Kids come to school with ideas already formed. About winning and losing. About being the best at something. About being stronger. Smarter.
More cool.
As a first grade teacher, I liked to shake things up a bit with my students. Challenge their little worlds.
Get them to think differently.
A trend in education that started in the 1990s and is still going strong is something called ‘cooperative learning.‘
The approach is simple: kids working together to achieve a common goal. It’s been proven that it leads to greater student achievement, an improvement in social skills and—perhaps most important of all—it prepares kids to work successfully in teams when they join the grown-up world of work.
The M&Ms game
Each year, as a kick-off to cooperative learning in our first grade classroom, to get kids thinking about what it means to work and learn together, I invited them to play a game. (With M&Ms as the prize, I didn’t have to talk them into this.)
My only prop for this lesson was a jumbo-sized bag of M&Ms.
First I placed my students in pairs, facing each other over a table.
“Each of you will put one of your elbows up on the table and clasp the other person’s hand,” I said. “I will time you for one minute. Every time your partner’s arm goes down flat on the table, you get an M&M.”
When I was sure they understood what their goal was, I started the clock.
The first time I did this, I was blown away by the results. Of 12 pairs of students, most kids didn’t get a single M&M. And a couple of kids got one measly piece of candy each. One M&M.
In the problem solving session afterward, each pair reported on their results. It was obvious that they had viewed the game as an arm wrestling match, which I hadn’t described it as at all. They had been trying their hardest to push their partner’s arm down so they could get the candy.
I said, “How do you think you might have gotten more M&Ms?”
Most said some version of “Try harder” or “Use my muscles more.” With more thinking, sometimes (but not always), someone would say, “Well, we could share. I get to push his arm down and he gets to push mine down and we just keep doing that.”

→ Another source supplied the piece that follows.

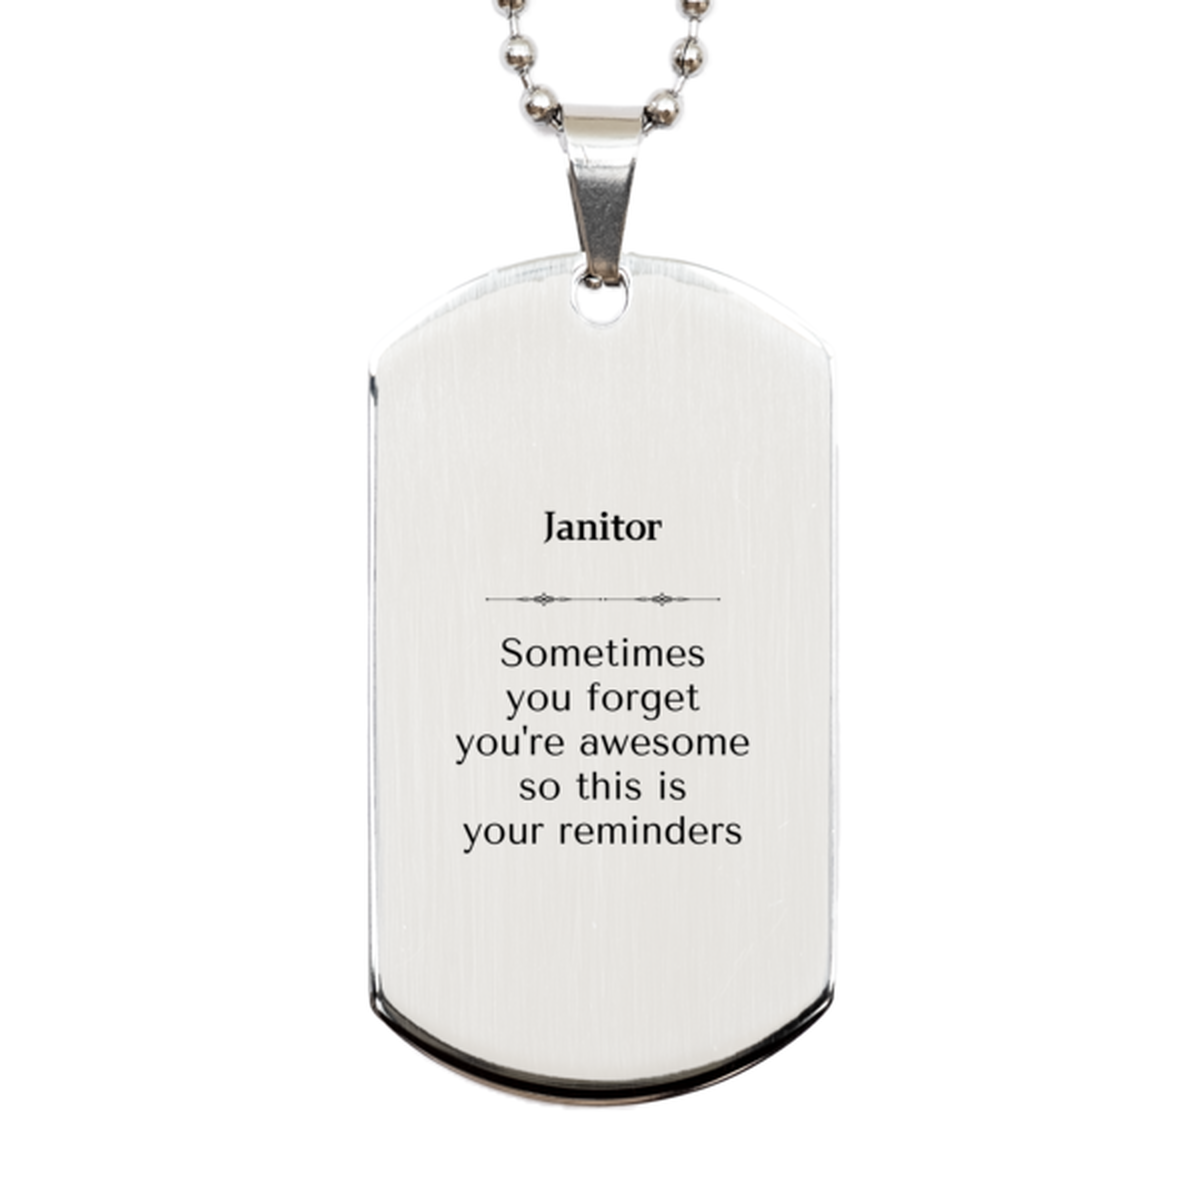 Sentimental Janitor Silver Dog Tag, Janitor Sometimes you forget you're awesome so this is your reminders, Graduation Christmas Birthday Gifts for Janitor, Men, Women, Coworkers

At that, I saw the light bulbs in their little heads turn on.
They could get 50 or more M&Ms each if they just worked together!
We talked about how hard it was trying to beat the other person and how much easier it would be to help each other get what they wanted.

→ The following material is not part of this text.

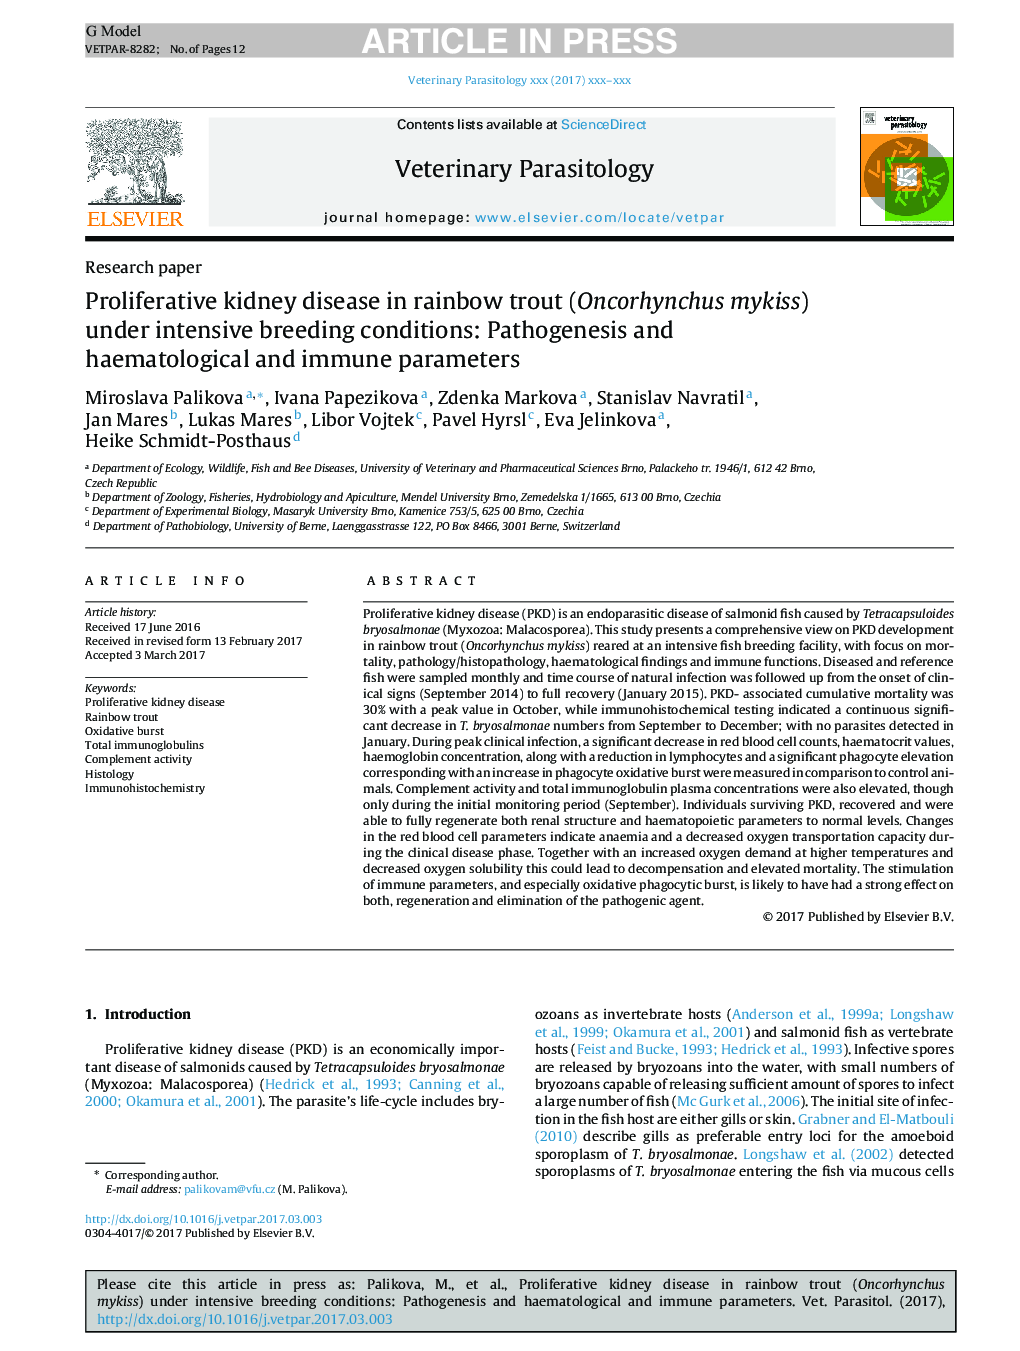 Proliferative kidney disease in rainbow trout (Oncorhynchus mykiss) under intensive breeding conditions: Pathogenesis and haematological and immune parameters

Why successful bloggers always win the M&Ms game
Once, after I left teaching and started my marketing business, I heard a quote for Zig Ziglar, author, speaker and salesman extraordinaire:
“You can have anything in life you want if you just help other people get what they want.”
I was struck by how similar this thought was to that lesson back in my first grade classroom.
But how many times do we see blogging as a lonely pursuit?
Something that, in order to succeed, we have to be better than someone else? We are like those first graders, competing for the M&Ms.
What would happen if instead we started working together?
There are enough M&Ms to go around. If we cooperate with others, share our resources and strengths, how might we get where we want to go faster?
What would that look like if we supported other bloggers, even those who might not quite be where we are yet? Could we all get more readers and subscribers if we banded together? Recognized the good stuff other bloggers are doing? Invited them to write a guest post for us?
I am grateful for people like Danny Brown, Jay Ehret, Becky McCray and others who shared the wealth when I was a rookie blogger.
What about you?
Have you found a compete mentality in the world of blogging?
Or have you met people who are willing to work with you so you all get more M&Ms?
Can you think of of people who have inspired you in your blogging journey?